First, UC intends to retain control of the PFT data until it completes all studies using the data, which has not yet occurred. See EPA's Reply, ECF No. 23 at 9. Second, the EPA does not have the ability to use and dispose of the PFT data as it sees fit because the EPA does not have access to such data and does not have the ability, under the ATSDR Grant or Volpe Contract, to require UC to provide it with the PFT data. Id. at 10. Third, EPA employees have not read or relied on the PFT data; an agency cannot rely on data it has never viewed. See McKean Decl., ECF No. 16-2 ¶ 31. In deciding whether an agency controls a document its employees created, the D.C. Circuit has consistently found that " use is the decisive factor." See Judicial Watch Inc., 646 F.3d at 927. The Court is of the opinion that use is decisive here. " [W]here an agency has neither created nor referenced a document in the conduct of its official duties, the agency has not exercised the degree of control required to subject the document to disclosure under FOIA." Id. at 928. This factor is fatal to Beveridge's claim. Id. at 927. Finally, " it goes without saying that an agency cannot integrate into its record system a document created by a third party that none of its employees have read." Id. at 928. Dr. McKean and Dr. Benson have attested to the fact that the EPA has never seen the PFT data Beveridge seeks. See e.g., Benson Decl., ECF No. 23-1 at ¶ ¶ 7, 10. Therefore, the EPA did not control the PFT data at the time the FOIA request was made.

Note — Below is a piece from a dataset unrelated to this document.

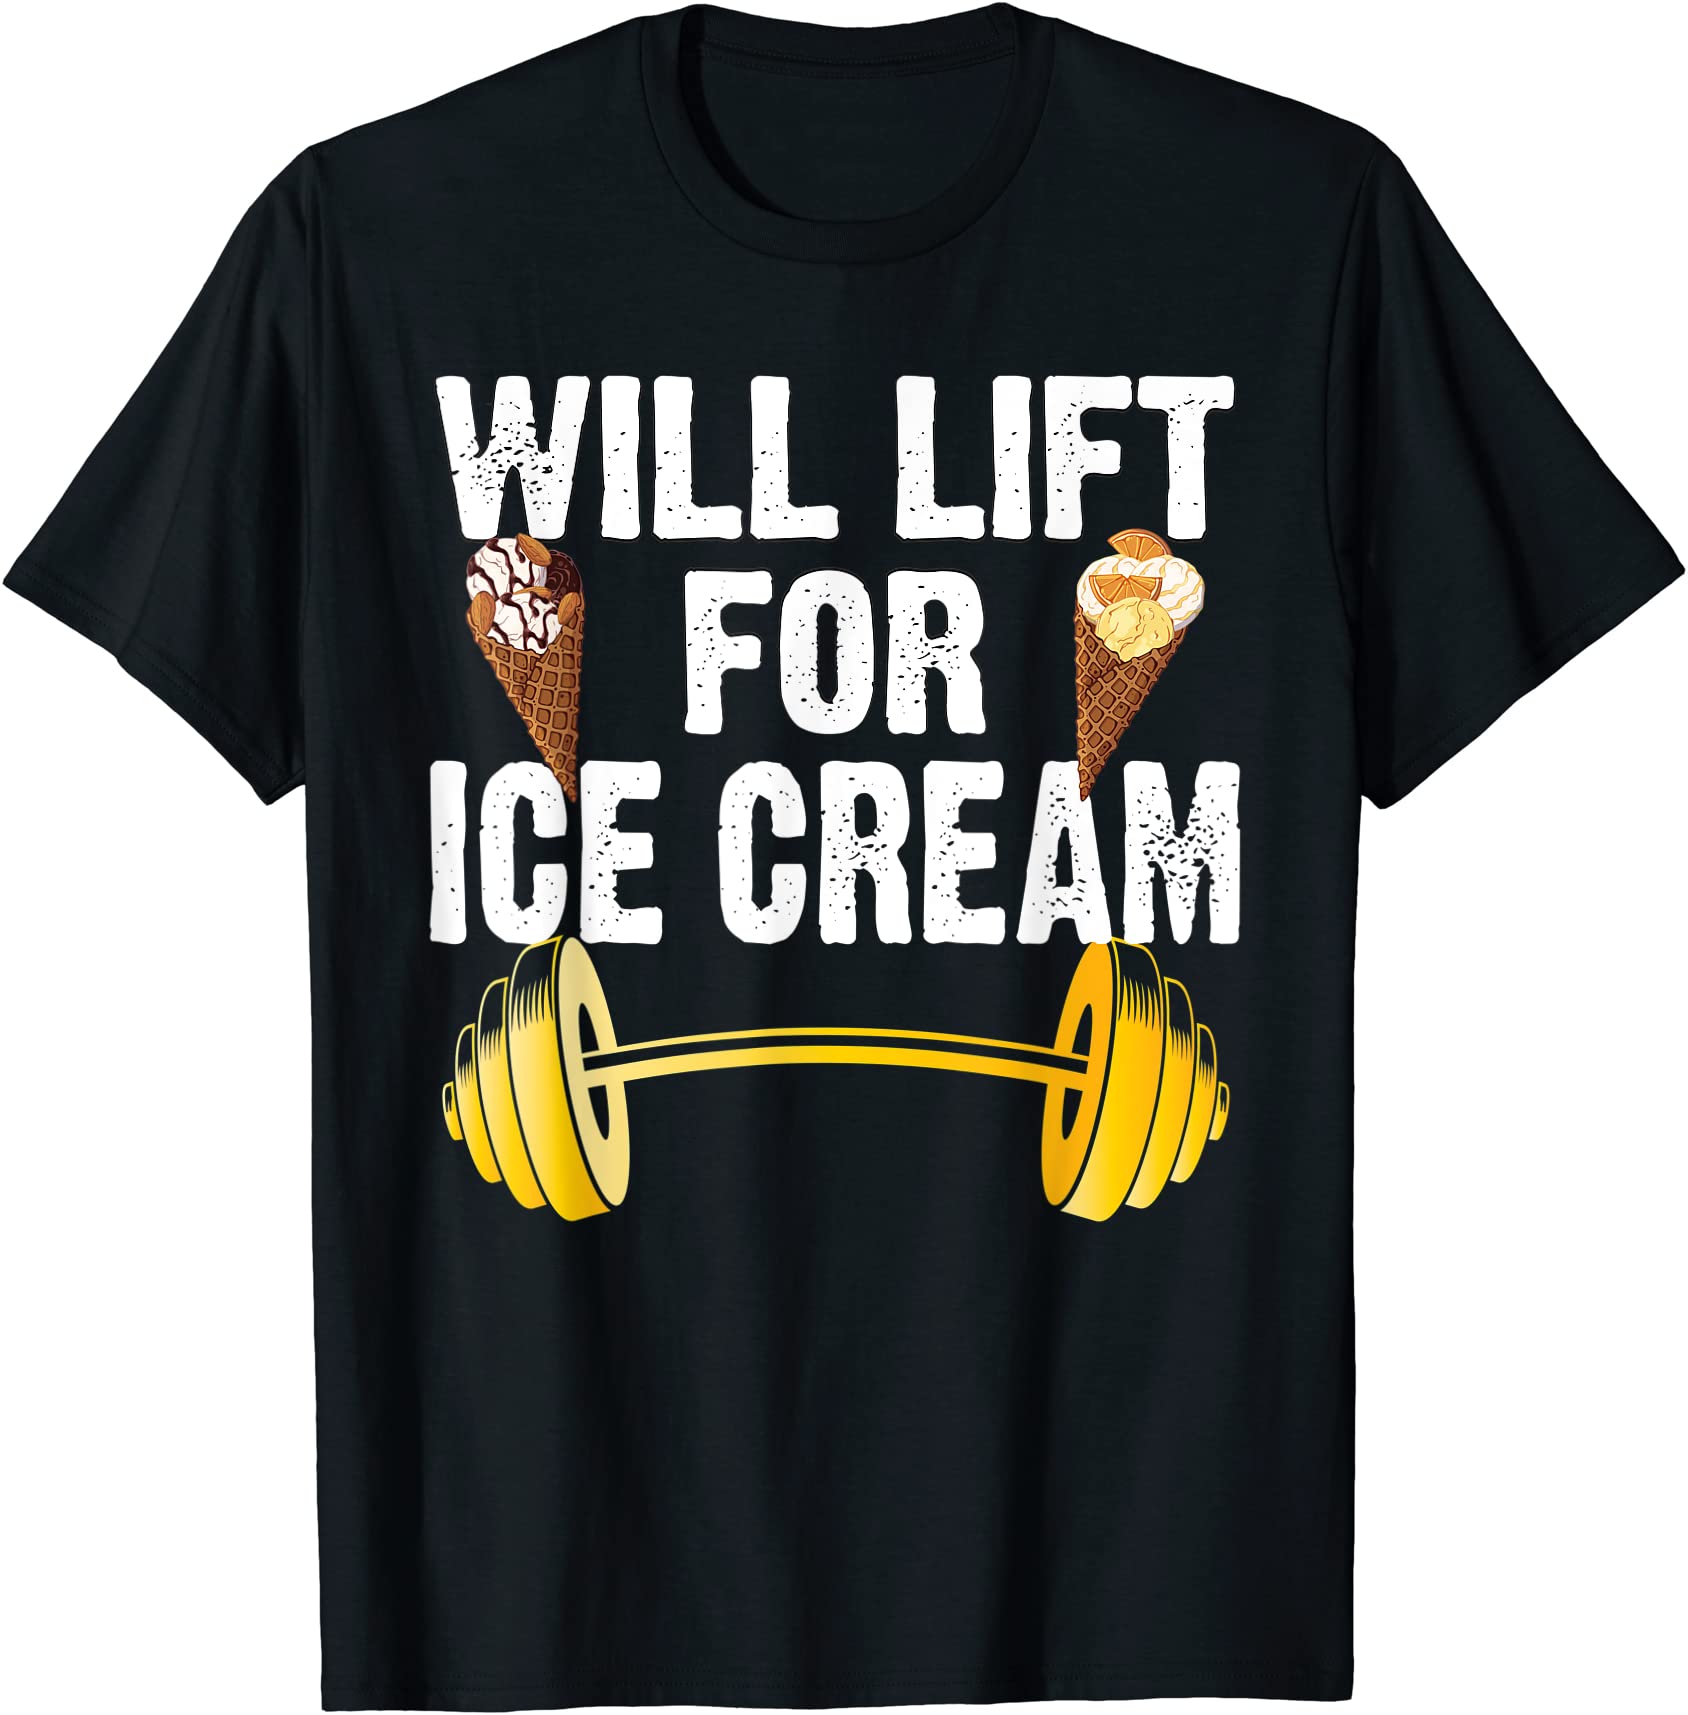 will lift for ice cream funny weightlifting t shirt men - Buy t-shirt ...

For the reasons stated above, the Court concludes that the PFT data are not " agency records" under FOIA.
For the forgoing reasons, the Court hereby DENIES Beveridge's motion for summary judgment and GRANTS the EPA's cross-motion for summary judgment. An appropriate Order accompanies this Memorandum Opinion.
For the reasons stated in the accompanying Memorandum Opinion issued on this date, it is hereby
ORDERED that plaintiff's motion for summary judgment is DENIED; and it is
FURTHER ORDERED that  defendant's cross motion for summary judgment is GRANTED and plaintiff's case is hereby DISMISSED.